Ying Baoling, Whitener Bradley, VanBlargan Laura A, Hassan Ahmed O, Shrihari Swathi, Liang Chieh-Yu, Karl Courtney E, Mackin Samantha, Chen Rita E, Kafai Natasha M, Wilks Samuel H, Smith Derek J, Carreño Juan Manuel, Singh Gagandeep, Krammer Florian, Carfi Andrea, Elbashir Sayda, Edwards Darin K, Thackray Larissa B, Diamond Michael S
Department of Medicine, Washington University School of Medicine, St. Louis, MO 63110, USA.
Department of Molecular Microbiology, Washington University School of Medicine, St. Louis, MO, USA.
bioRxiv. 2021 Aug 26:2021.08.25.457693. doi: 10.1101/2021.08.25.457693.

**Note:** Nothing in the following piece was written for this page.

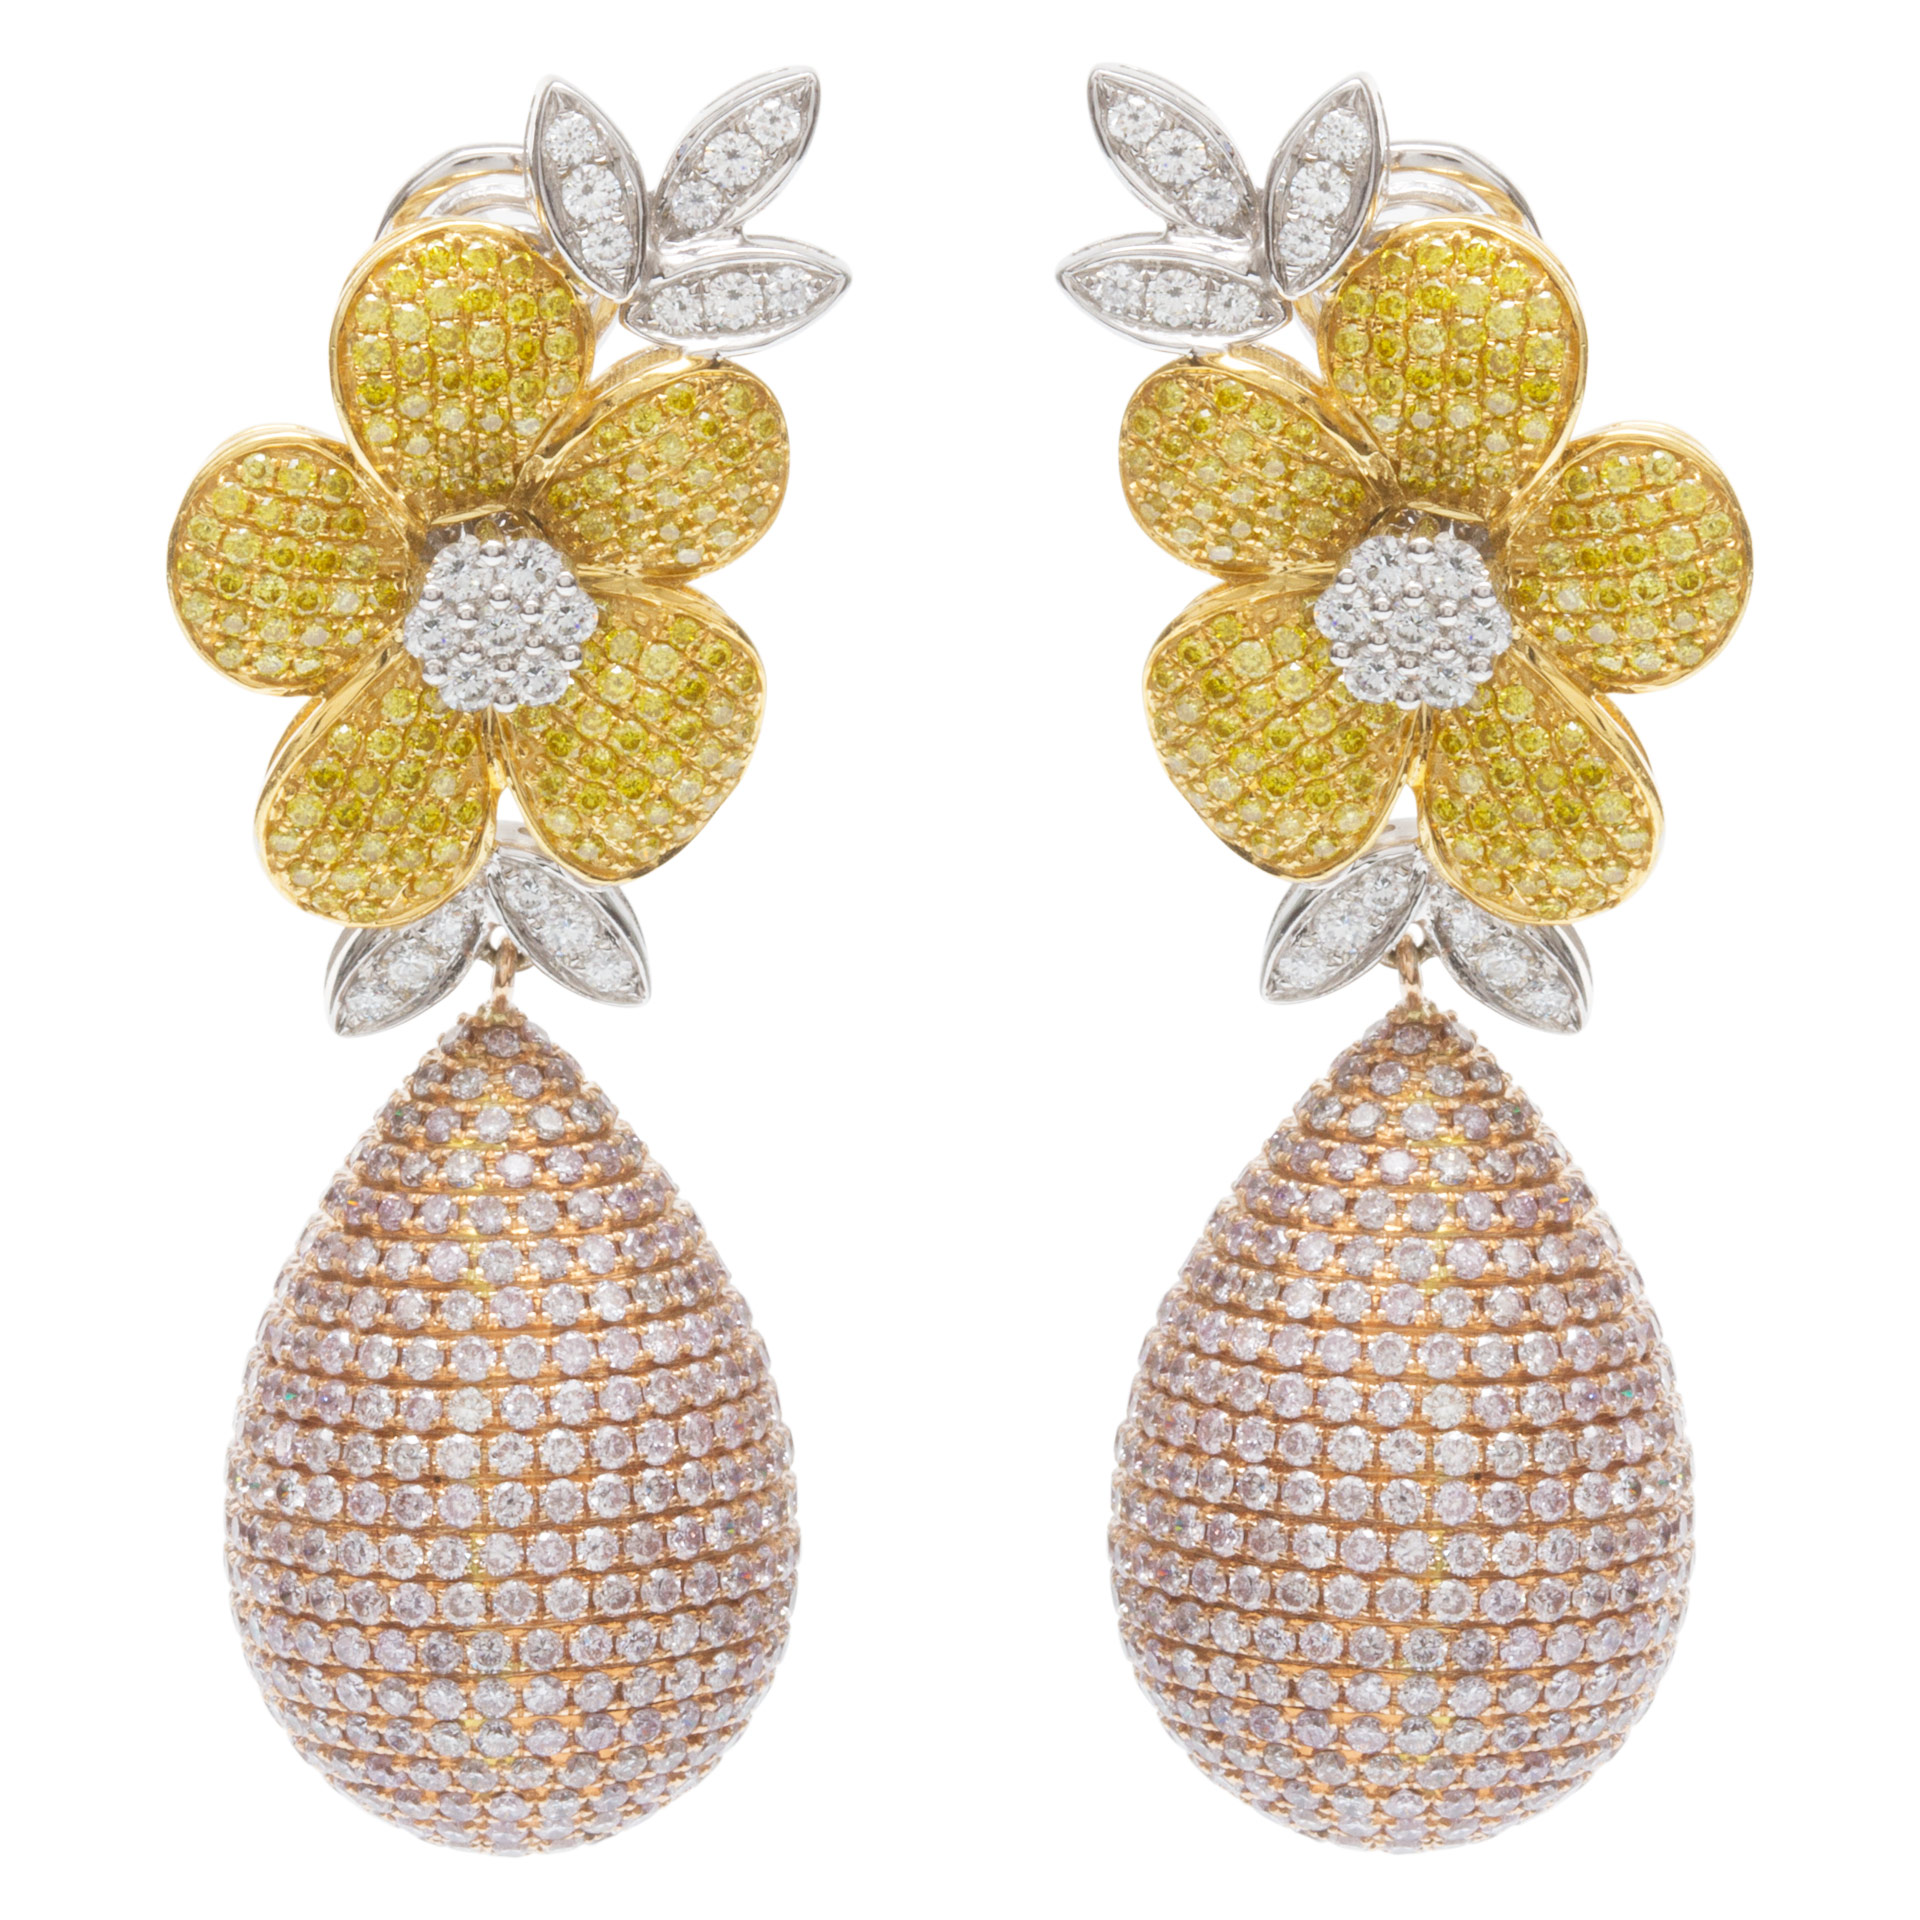 Glamorous flower diamond earrings with approx. 13. 50 carats white, natural pink & brown/yellow diamonds set in 18K tri-color gold. image 1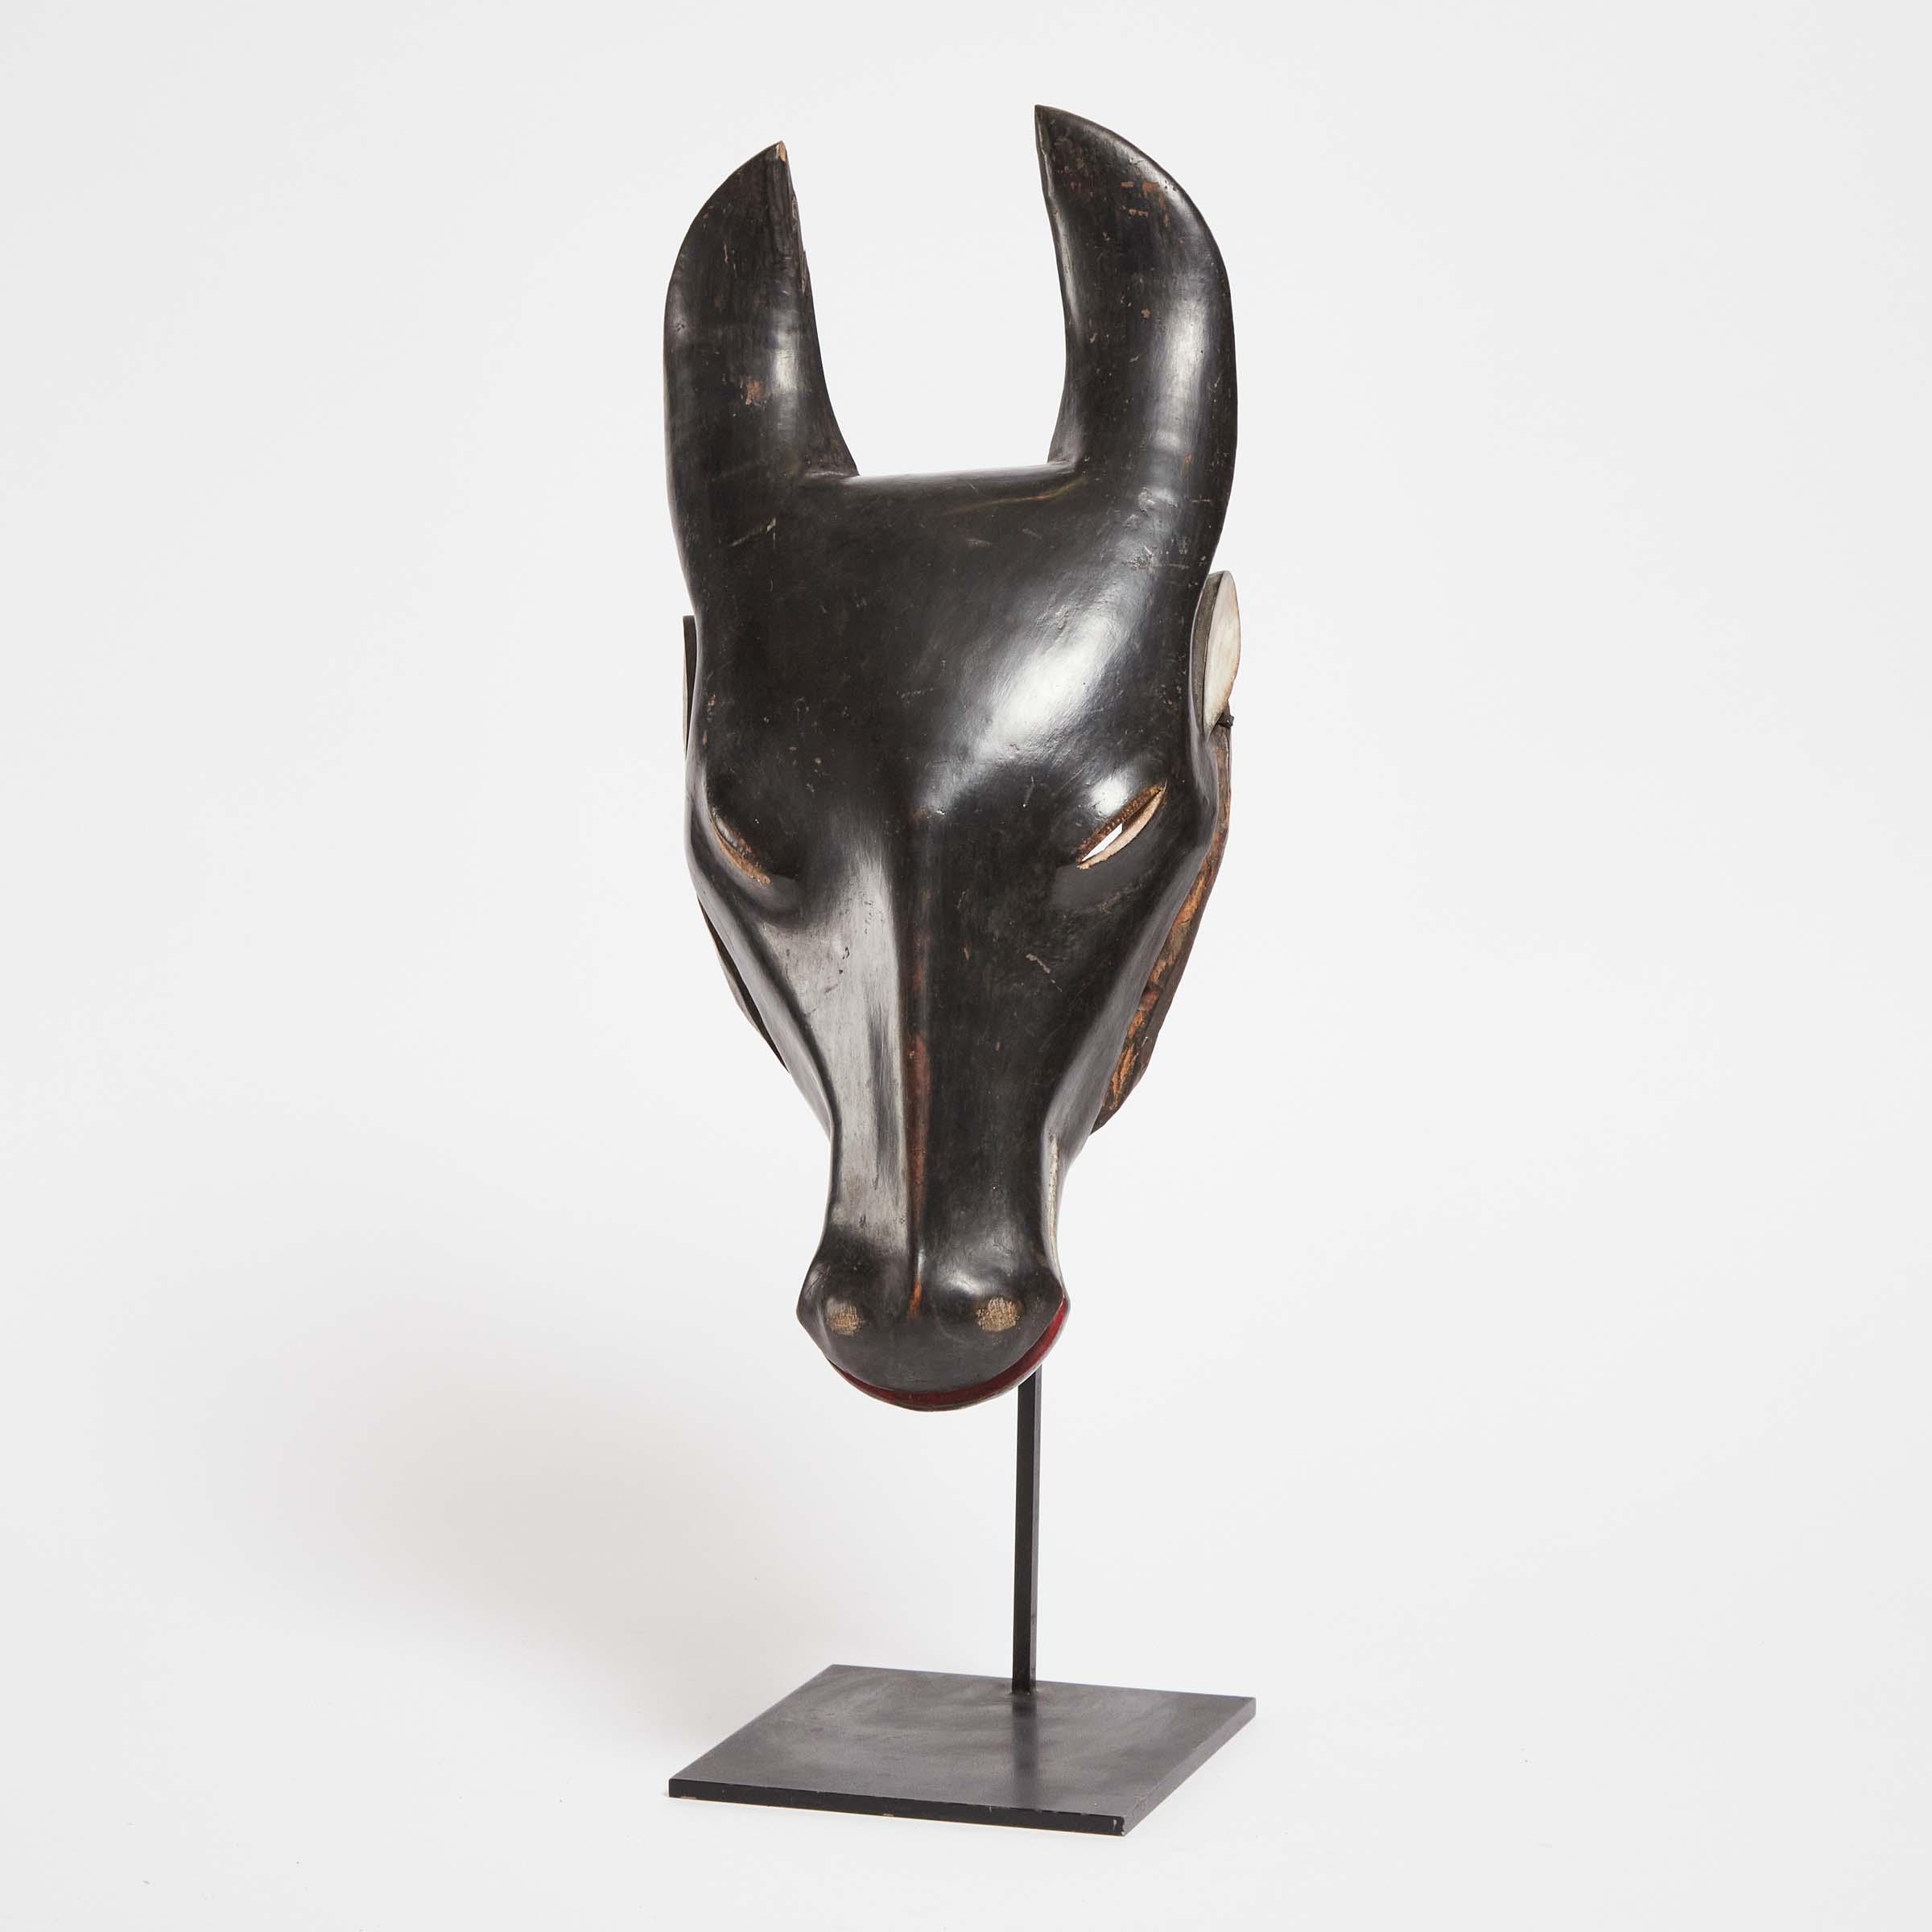 African Bush Cow Mask, possibly

Although mRNA vaccines prevent COVID-19, variants jeopardize their efficacy as immunity wanes. Here, we assessed the immunogenicity and protective activity of historical (mRNA-1273, designed for Wuhan-1 spike) or modified (mRNA-1273.351, designed for B.1.351 spike) preclinical Moderna mRNA vaccines in 129S2 and K18-hACE2 mice. Immunization with high or low dose formulations of mRNA vaccines induced neutralizing antibodies in serum against ancestral SARS-CoV-2 and several variants, although levels were lower particularly against the B.1.617.2 (Delta) virus. Protection against weight loss and lung pathology was observed with all high-dose vaccines against all viruses. Nonetheless, low-dose formulations of the vaccines, which produced lower magnitude antibody and T cell responses, and serve as a possible model for waning immunity, showed breakthrough lung infection and pneumonia with B.1.617.2. Thus, as levels of immunity induced by mRNA vaccines decline, breakthrough infection and disease likely will occur with some SARS-CoV-2 variants, suggesting a need for additional booster regimens.
尽管mRNA疫苗可预防新冠病毒病,但随着免疫力下降,病毒变种会危及疫苗的效力。在此,我们评估了历史版本(为武汉-1毒株刺突蛋白设计的mRNA-1273)或改良版本(为B.1.351毒株刺突蛋白设计的mRNA-1273.351)的临床前Moderna mRNA疫苗在129S2和K18-hACE2小鼠中的免疫原性和保护活性。用高剂量或低剂量配方的mRNA疫苗免疫可诱导血清中产生针对原始严重急性呼吸综合征冠状病毒2(SARS-CoV-2)及其几种变种的中和抗体,不过特别是针对B.1.617.2(德尔塔)病毒的抗体水平较低。所有高剂量疫苗对所有病毒均显示出预防体重减轻和肺部病理变化的作用。尽管如此,低剂量配方疫苗产生的抗体和T细胞反应强度较低,可作为免疫力下降的一种可能模型,该配方疫苗对B.1.617.2病毒出现了突破性肺部感染和肺炎。因此,随着mRNA疫苗诱导的免疫力水平下降,一些SARS-CoV-2变种可能会导致突破性感染和疾病,这表明需要额外的加强免疫方案。